Один за другим входили испытуемые. Мы с Риссеном по очереди делали уколы, секретарь министра вел протокол. Для большей наглядности нам время от времени подсовывали невинных людей. Я хочу сказать «невинных» лишь в том смысле, что они не преступали закона, ибо в другом, более общем значении, это слово, к явному удовольствию Туарега, отнюдь нельзя было применить ни к одному из них. После того как за весьма короткий срок мы таким образом допросили шестерых, министр полиции поднялся и сказал, что вполне удовлетворен. Он добавил, что отныне наш метод должен заменить все другие способы расследования преступлений по всей Мировой Империи. Нас он собирался оставить в столице еще на два—три дня, с тем чтобы мы могли подготовить себе на смену нескольких специалистов; по возвращении домой нам предписывалось в широких масштабах наладить производство каллокаина и одновременно обучить этому делу других. Туарег ушел в прекрасном расположении духа, а к нам в лабораторию вскоре явилось примерно два десятка человек, которых мы должны были инструктировать.
Перед дверью лаборатории выстроилась длинная очередь испытуемых. Все это были преступники, привезенные сюда прямо из мест предварительного заключения.
На следующий день меня вызвал к себе Каррек. Он велел временно передать всю работу Риссену, а мне вручил целую пачку разных пропусков, удостоверений и рекомендации для Департамента пропаганды.
Я совсем забыл рассказать, что все-таки написал ходатайство о проведении пропагандистской кампании в связи с новым набором в Службу жертв-добровольцев. Я носил его в разные учреждения в нашем Городе Химиков и за несколько дней собрал массу подписей. Теперь это ходатайство было у меня с собой — я хотел лично пред ставить его в Департамент пропаганды. На всякий случай я сообщил об этом Карреку, и он дал мне много полезных советов. Моих рекомендаций должно было хватить и для Третьей канцелярии, ведавшей подобными кампаниями. Итак, вскоре я уже выходил из подземки у массивных подземных ворот Департамента пропаганды.

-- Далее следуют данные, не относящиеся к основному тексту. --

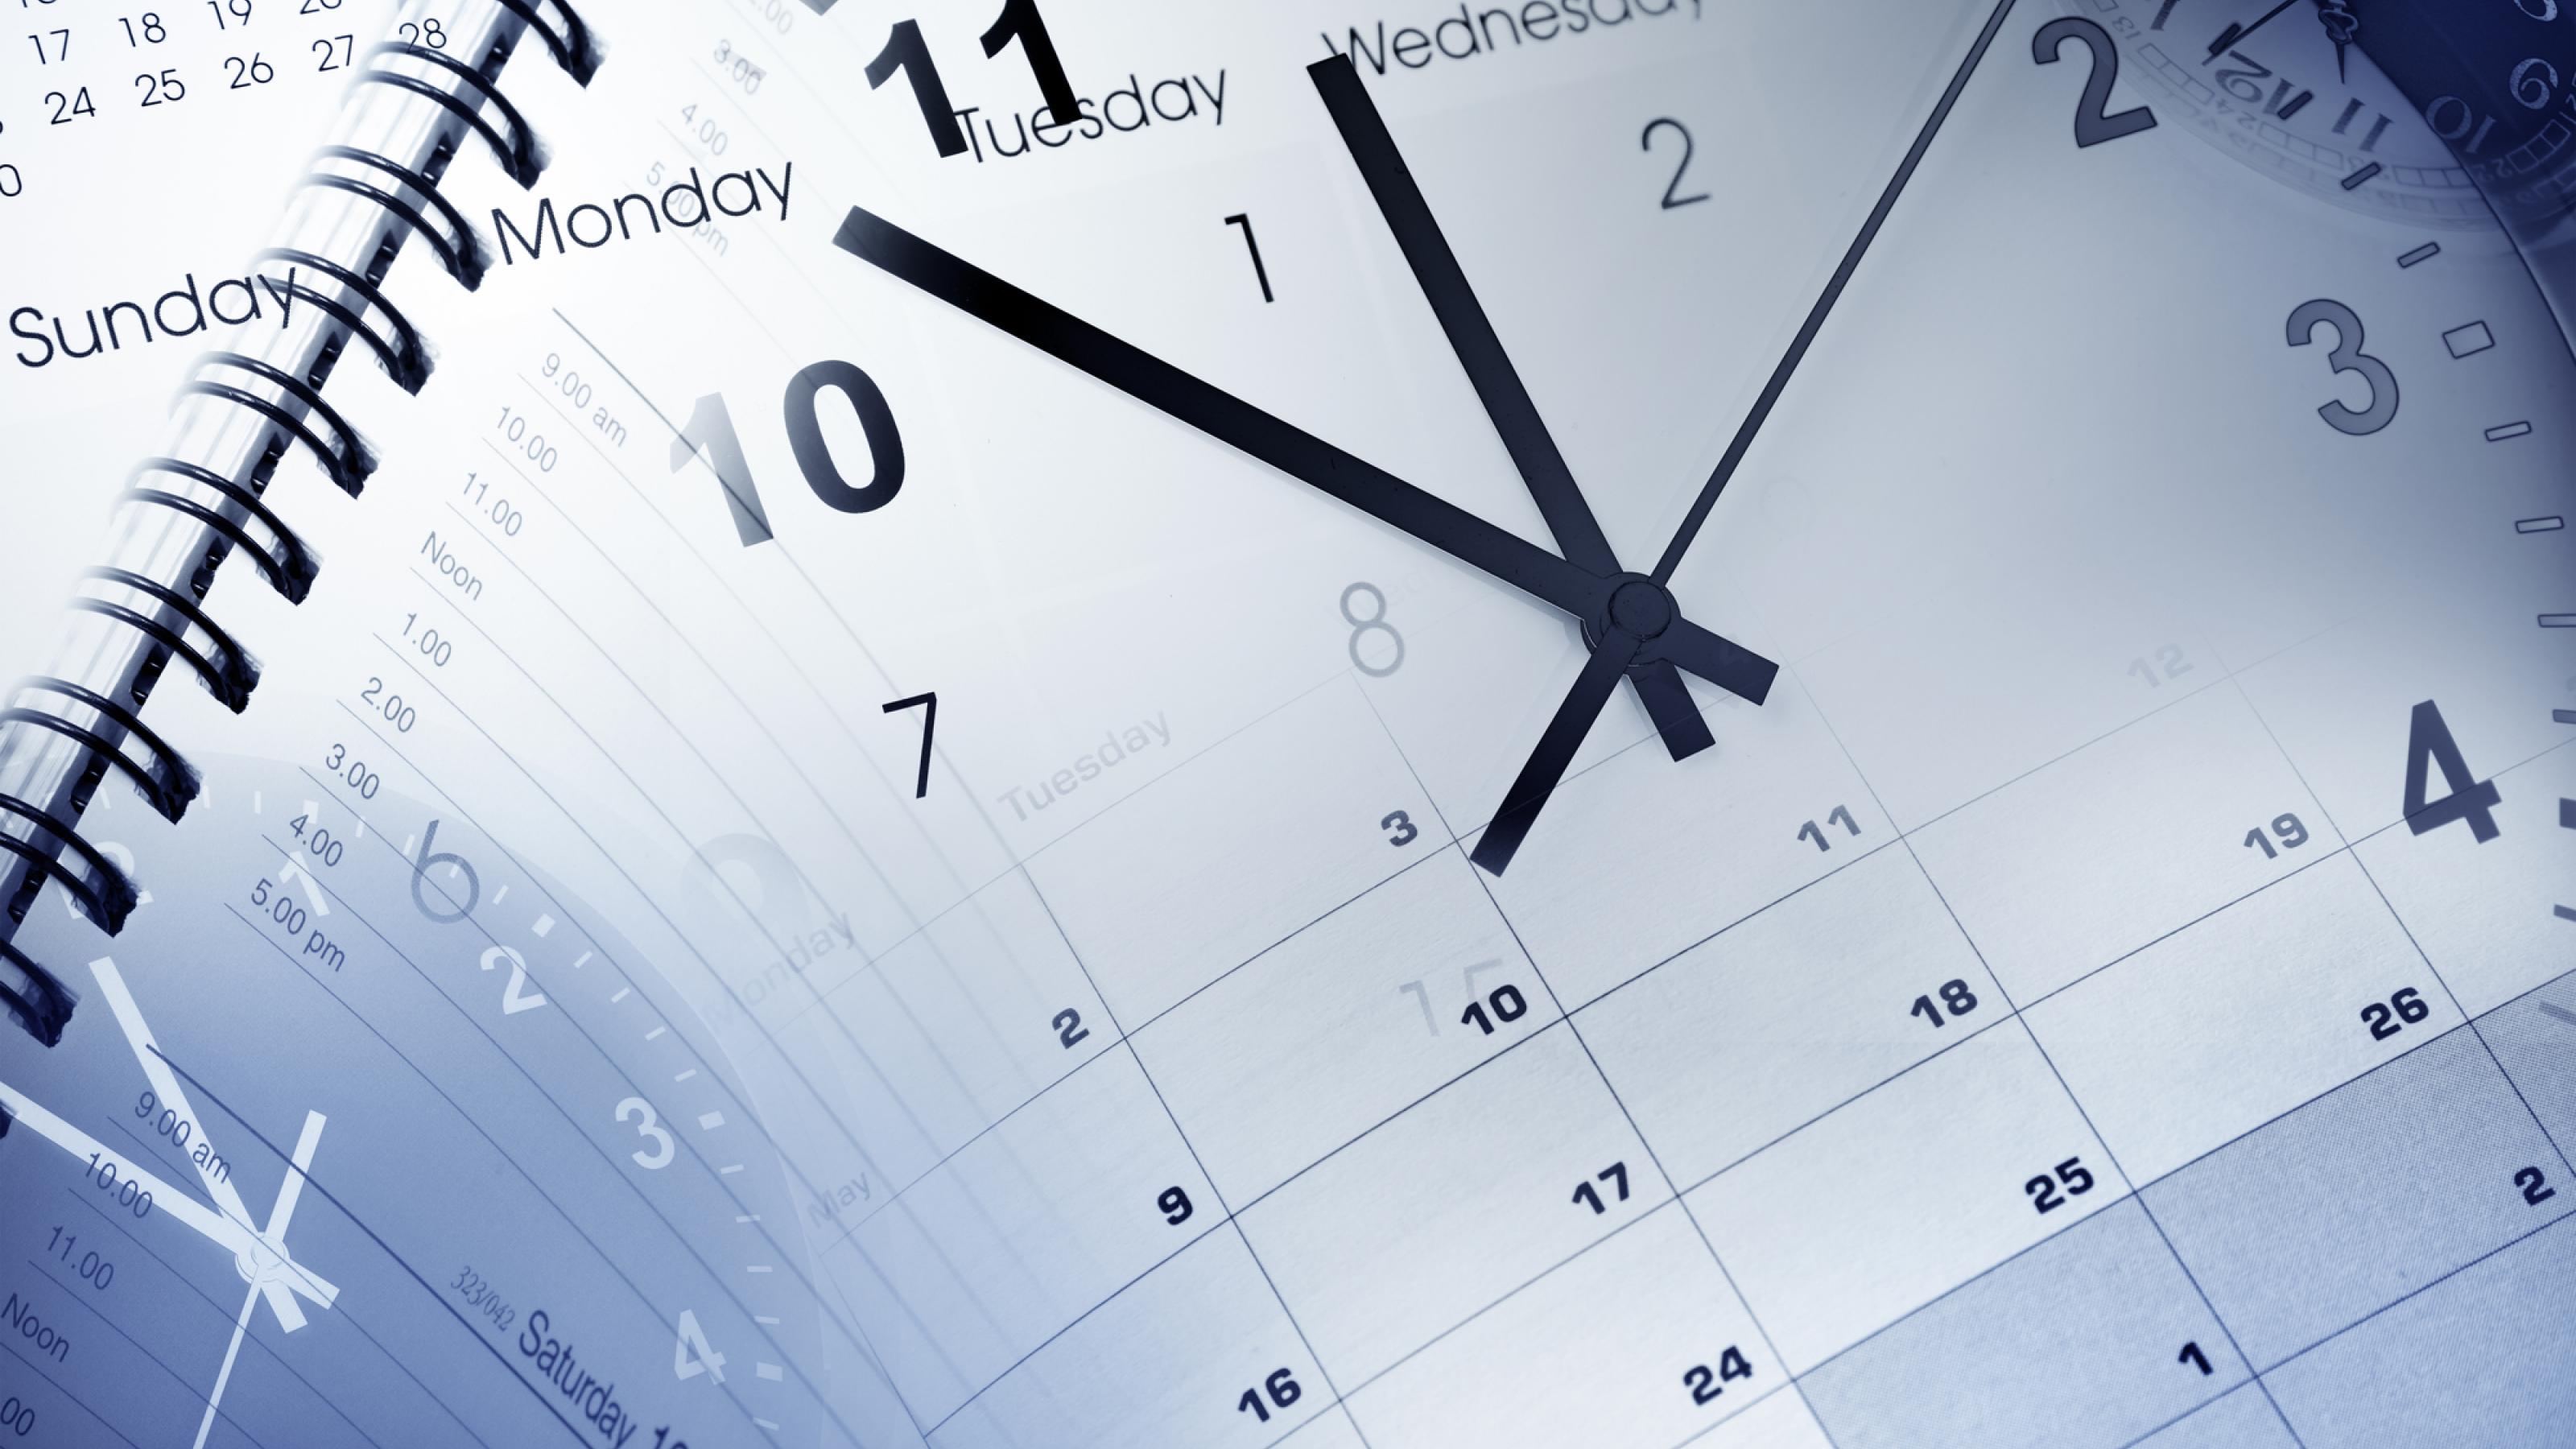 Eine blaugraue Bildmontage setzt mehrere Uhren und Kalender übereinander. Der Anblick suggeriert, dass es schwierig ist, seine Termine vernünftig zu planen.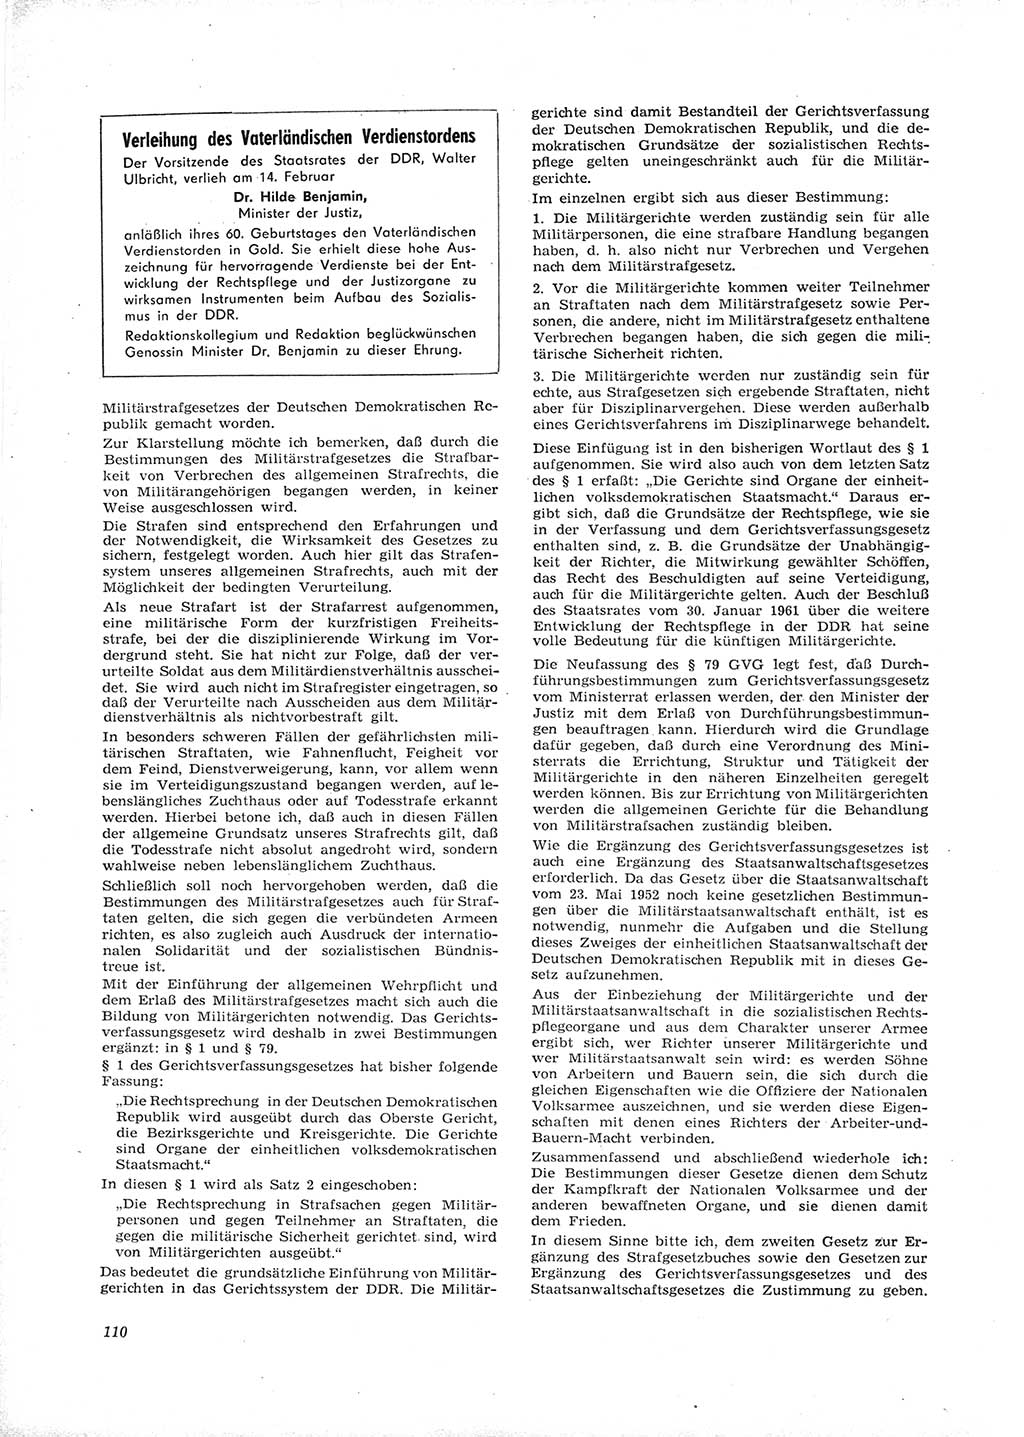 Neue Justiz (NJ), Zeitschrift für Recht und Rechtswissenschaft [Deutsche Demokratische Republik (DDR)], 16. Jahrgang 1962, Seite 110 (NJ DDR 1962, S. 110)

Нужно сказать, что еще с утра я чувствовал недомогание, и полицейский врач напичкал меня всяческими лекарствами. Видимо, от этого мне было не по себе, и я в страшном возбуждении ждал разговора с руководительницей Седьмой канцелярии Лаврис. В сущности, я пришел сюда не по собственной инициативе, а по поручению Каррека, ибо это он — непонятно почему — был особенно заинтересован в проведении нового закона. Но в своем экзальтированном состоянии я испытывал странное ощущение — словно бы я оказался здесь не по приказу Каррека и не по собственному желанию, а подчиняясь какой-то неодолимой силе, которая управляла ростом и развитием нашей великой Империи, приближая ее к окончательному совершенству. И мне, ничтожной частице могучего целого, к тому же порядком отравленной всякими порошками и каплями, предстояло начать оздоровительную работу, которая должна очистить организм Империи от вредных примесей и ядов, занесенных преступными помыслами. Когда меня после бесконечных формальностей, личного обыска и долгого ожидания пригласили, наконец, в приемную Лаврис, у меня было такое чувство, будто я иду навстречу собственному очищению и вернусь успокоенный и полностью освобожденный от той наносной мути, которая была мне так противна, но все-таки нет-нет да и оседала где-то в темных углах моего сознания и которая раз и навсегда была теперь связана для меня с именем Риссена.
Кабинет Лаврис ничем не отличался от сотен других, и только по фигурам часовых, которые постоянно несли вахту так же, как в кабинете министра полиции, можно было догадаться, что тут находится святилище имперской власти. Я глубоко вздохнул, в висках у меня застучало. Передо мной за письменным столом сидела высокая женщина с тонкой шеей, с застывшей на лице гримасой иронии. Это была Калипсо Лаврис.
Даже если бы я мог определить ее возраст, даже если бы она не сидела неподвижно, как изваяние древнего божества, все равно в моем лихорадочном состоянии я воспринял бы ее как некое почти сверхъестественное существо, начисто лишенное человеческих слабостей. Даже большой прыщ, вскочивший у нее на левой стороне носа и ныне достигший полной зрелости, не мог в моих глазах свести ее на грешную землю. Ведь она олицетворяла собою высшую этическую инстанцию Империи или, по крайней мере, ведущую силу той высшей этической инстанции, которой являлась Седьмая канцелярия Департамента пропаганды! На ее лице нельзя было прочесть никаких личных чувств, как у Туарега, неподвижность не таила скрытого напряжения Каррека — в ней воплотилась только кристально чистая логика, лишенная каких бы то ни было примесей и несовершенств, свойственных отдельным личностям. Все это подсказало мне в тот момент возбужденное воображение, но я думаю, что созданный мною образ более или менее соответствовал действительности.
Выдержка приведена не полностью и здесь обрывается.